[TASK INSTRUCTIONS]
Copy, word for word, the lines below from the one containing "Xạ Điêu Anh" up to and including the one containing "小丑动物嘉年华之反斗动物城", with pictures left out.

[RECORDS TO PROCESS]
===

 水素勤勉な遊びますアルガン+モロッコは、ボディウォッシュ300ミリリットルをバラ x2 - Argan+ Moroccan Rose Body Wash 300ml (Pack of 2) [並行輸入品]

===

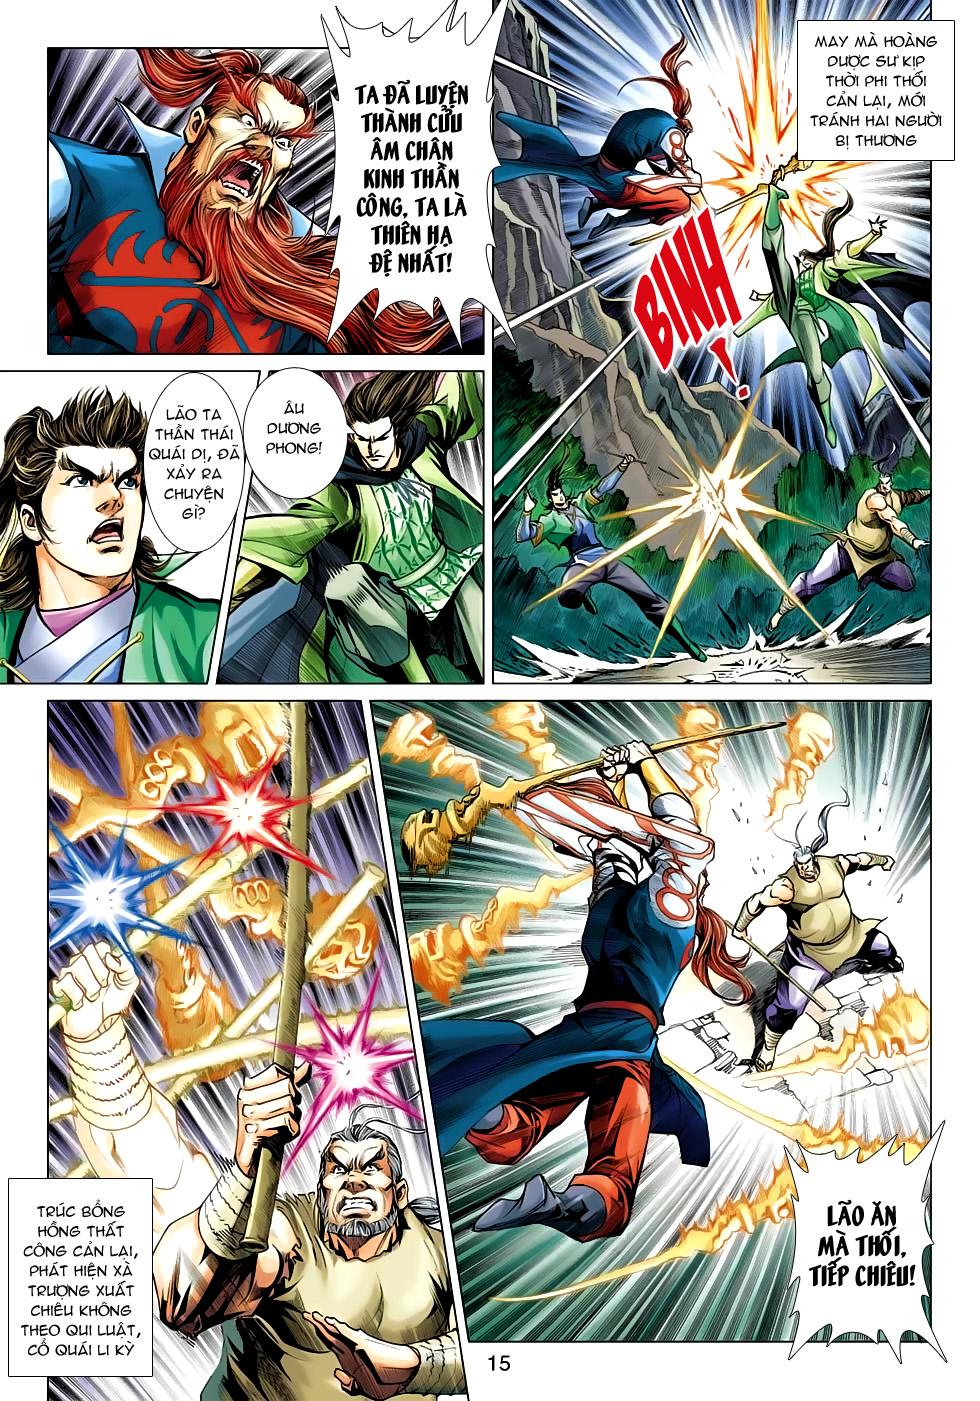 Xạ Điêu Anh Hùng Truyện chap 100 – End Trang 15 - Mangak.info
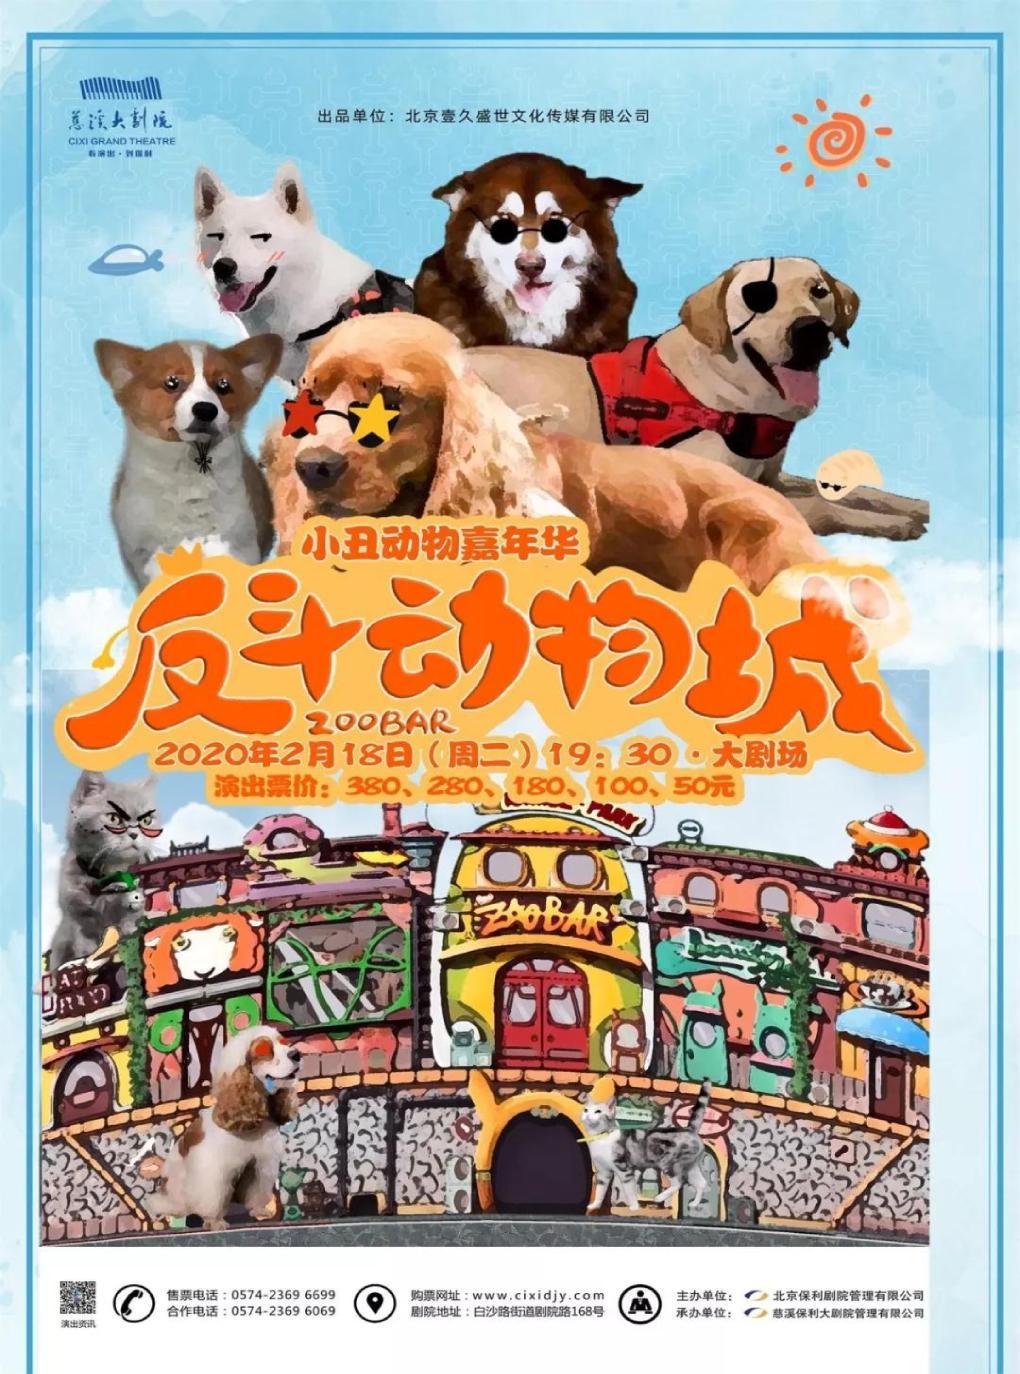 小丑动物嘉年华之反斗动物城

===

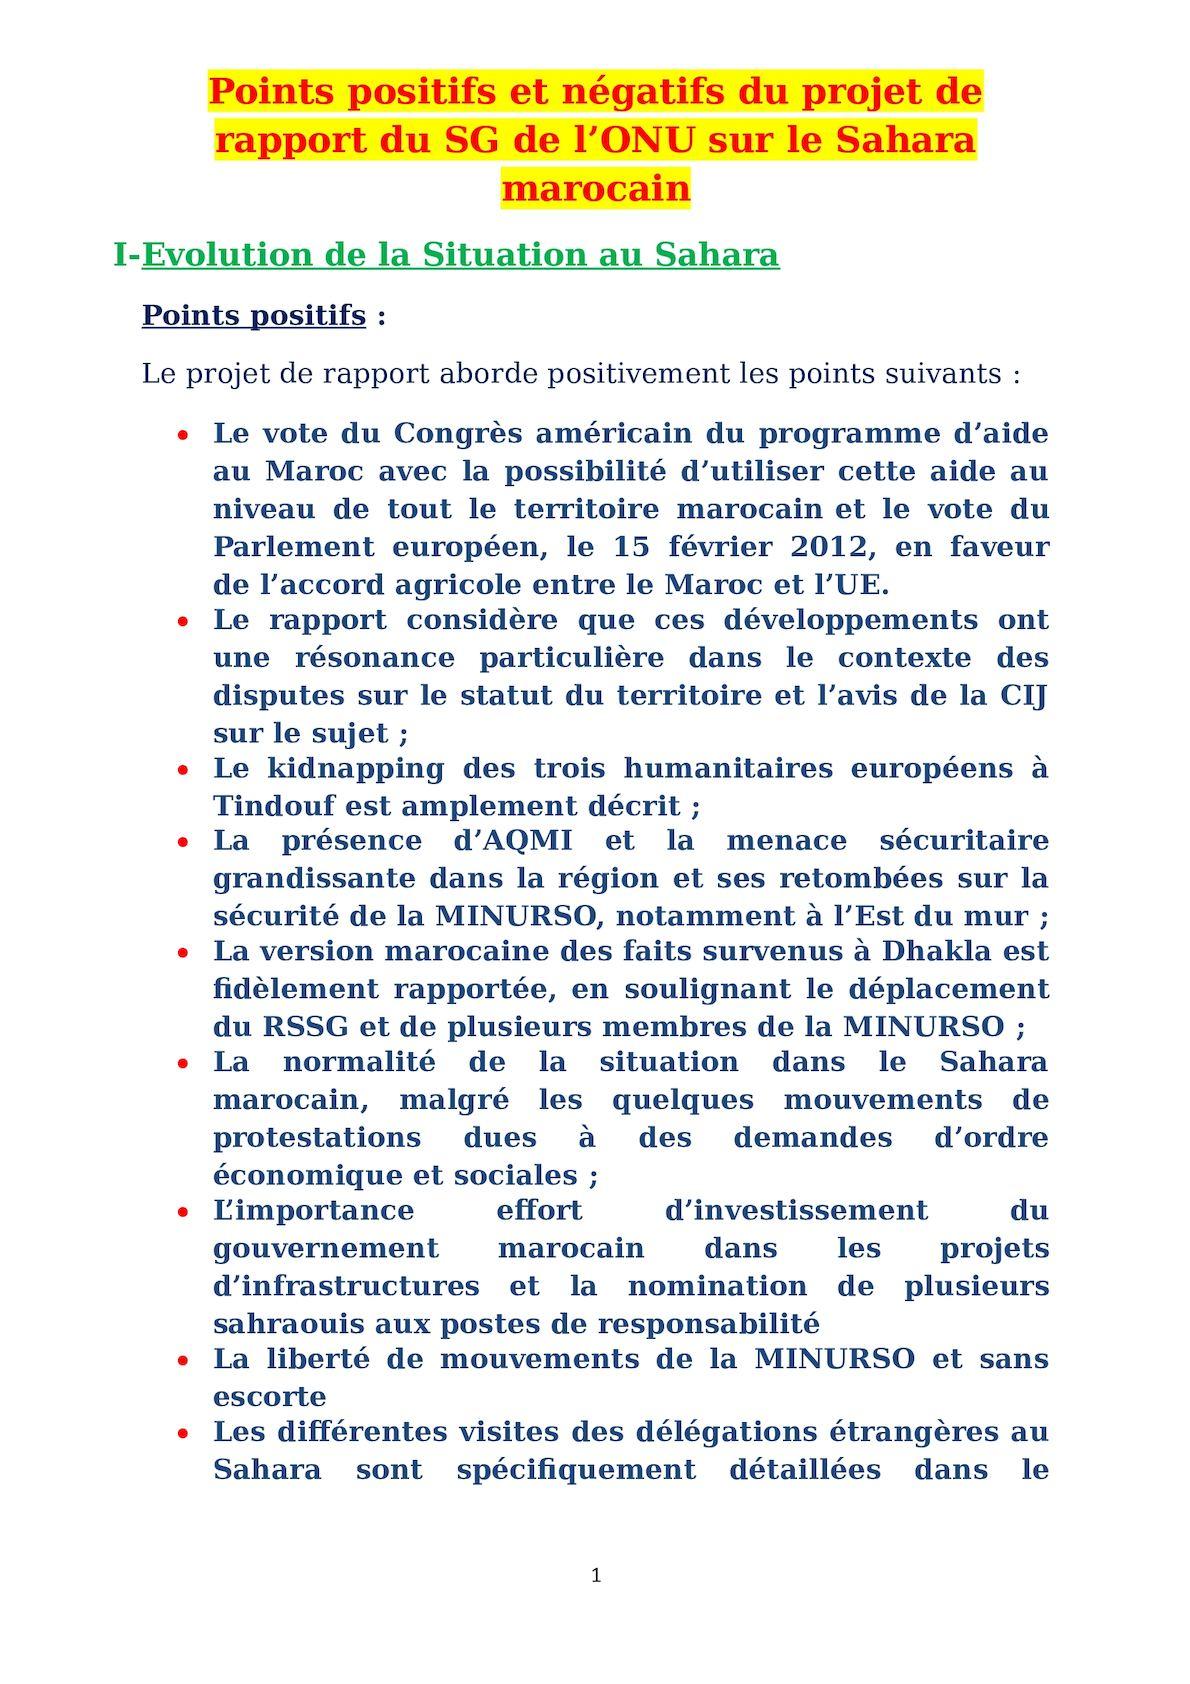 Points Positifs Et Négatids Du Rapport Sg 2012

===

[ANSWER SECTION]
 Xạ Điêu Anh Hùng Truyện chap 100 – End Trang 15 - Mangak.info
 小丑动物嘉年华之反斗动物城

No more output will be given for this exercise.